Heureux comme un juif en Allemagne ?

L’Impossible retour. Une histoire des Juifs en Allemagne depuis 1945. Olivier Guez, Flammarion, 2007, 336 p., 22 €

Terre maudite, telle est l’Allemagne pour les Juifs au lendemain de la Seconde Guerre mondiale. Comment vivre dans un pays qui a commis le plus effroyable des crimes ? La question ne cessera de tarauder les Juifs qui en dépit de tout y resteront ou s’y installeront.

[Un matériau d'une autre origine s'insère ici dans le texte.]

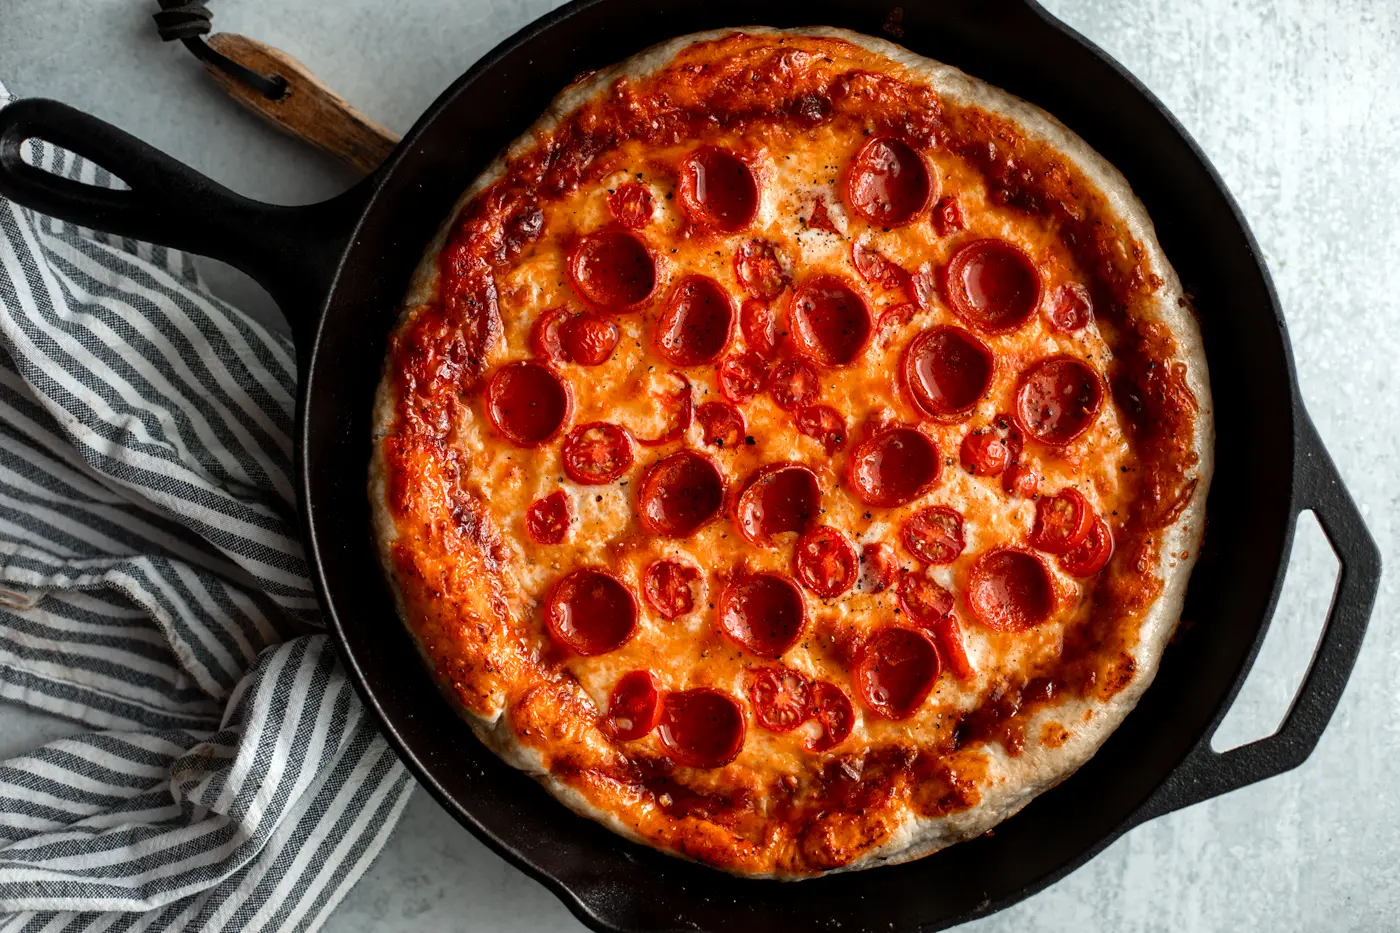 cast iron pizza recipe - Does cast iron work well for pizza
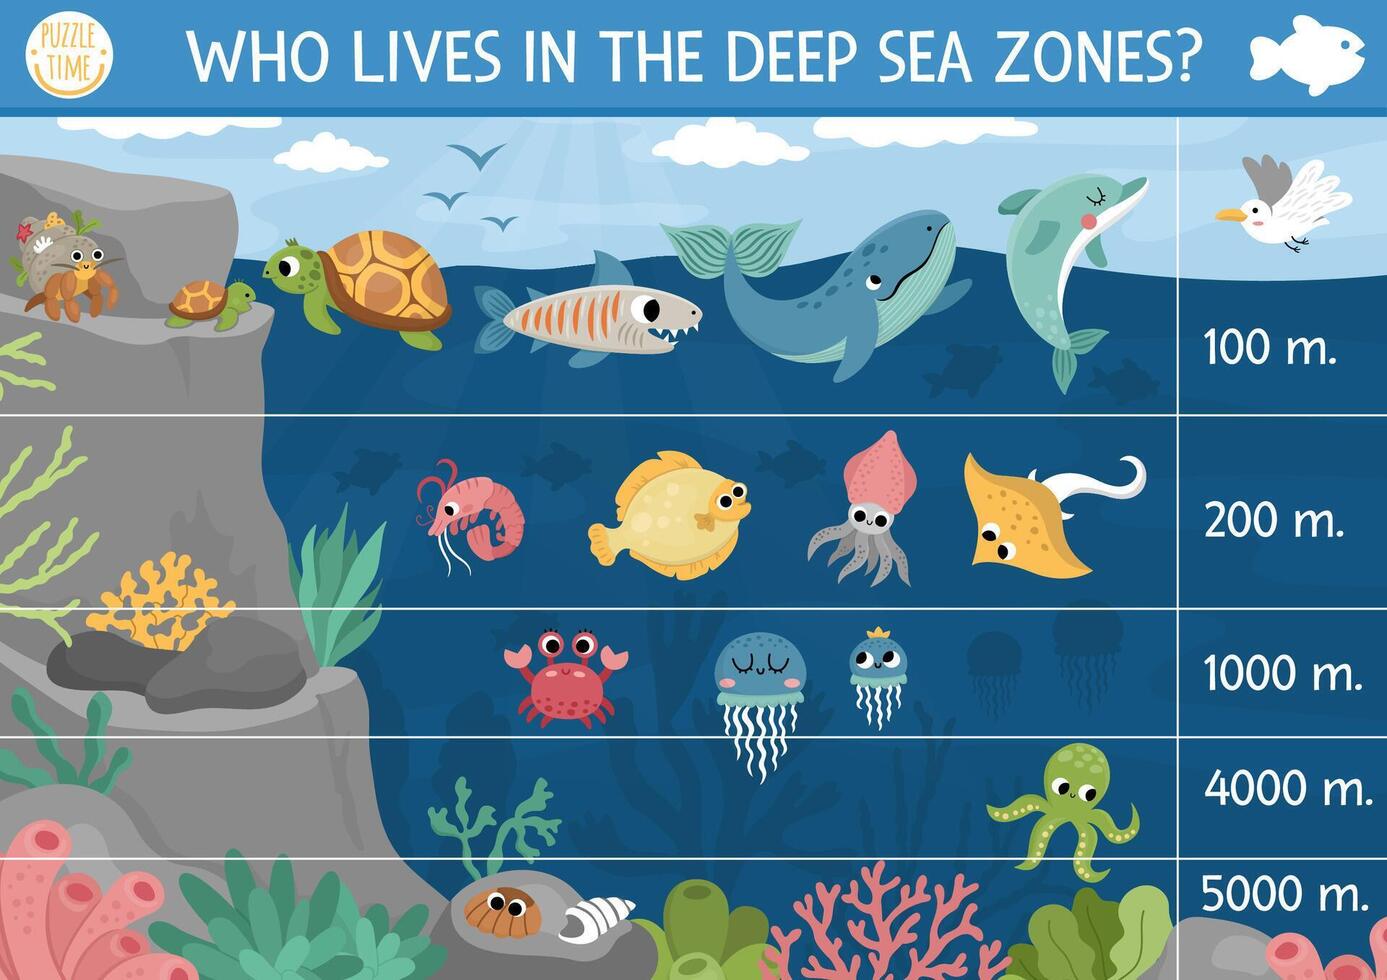 under the sea landscape illustration. Ocean life scene poster with animals, dolphin, whale, jellyfish, crab, tortoise. Educational water nature background. Who lives in the deep sea zone vector

On l’ignore souvent, les Juifs de l’Est qui réchappent de la Solution finale s’installent en masse en Allemagne entre 1945 et 1948, fuyant l’antisémitisme de leur pays, attendant de pouvoir émigrer. Fin 1946, ils sont ainsi près de 150 000 dans les camps de personnes déplacées (DP’s) de la zone américaine. Dans ces « derniers shtetl de l’histoire », ils vivent là en autarcie, dans la haine de l’Allemagne, n’attendant qu’une chose : fuir, surtout en Israël ou aux États-Unis. En 1952, les camps ont fermé, une minorité est restée, rejointe par des « rémigrés ». Mais il n’est guère simple d’être juif en Allemagne, en butte à la fois à l’incompréhension de ses coreligionnaires à l’étranger, et à la gêne voire au déni d’une population allemande face à un passé embarrassant. « On ne doit pas parler de corde dans la maison du bourreau ; on est vite soupçonné, sinon, de ressentiment », notait avec amertume le philosophe Theodor Adorno de retour après son exil américain. Le judaïsme en Allemagne est-il alors condamné à n’être qu’une survivance moribonde ? Ironie de l’histoire : un demi-siècle plus tard, la terre des bourreaux est devenue le premier foyer européen d’immigration juive. Lothar de Maizière, le dernier Premier ministre de la République démocratique d’Allemagne (RDA), prend une décision historique pour racheter l’Allemagne de ses crimes : accueillir dès 1990 les Juifs d’ex-Union soviétique qui le souhaitent. Malgré des hésitations, l’Allemagne réunifiée ne reviendra pas sur cette généreuse politique. Ils seront 220 000 à saisir l’occasion.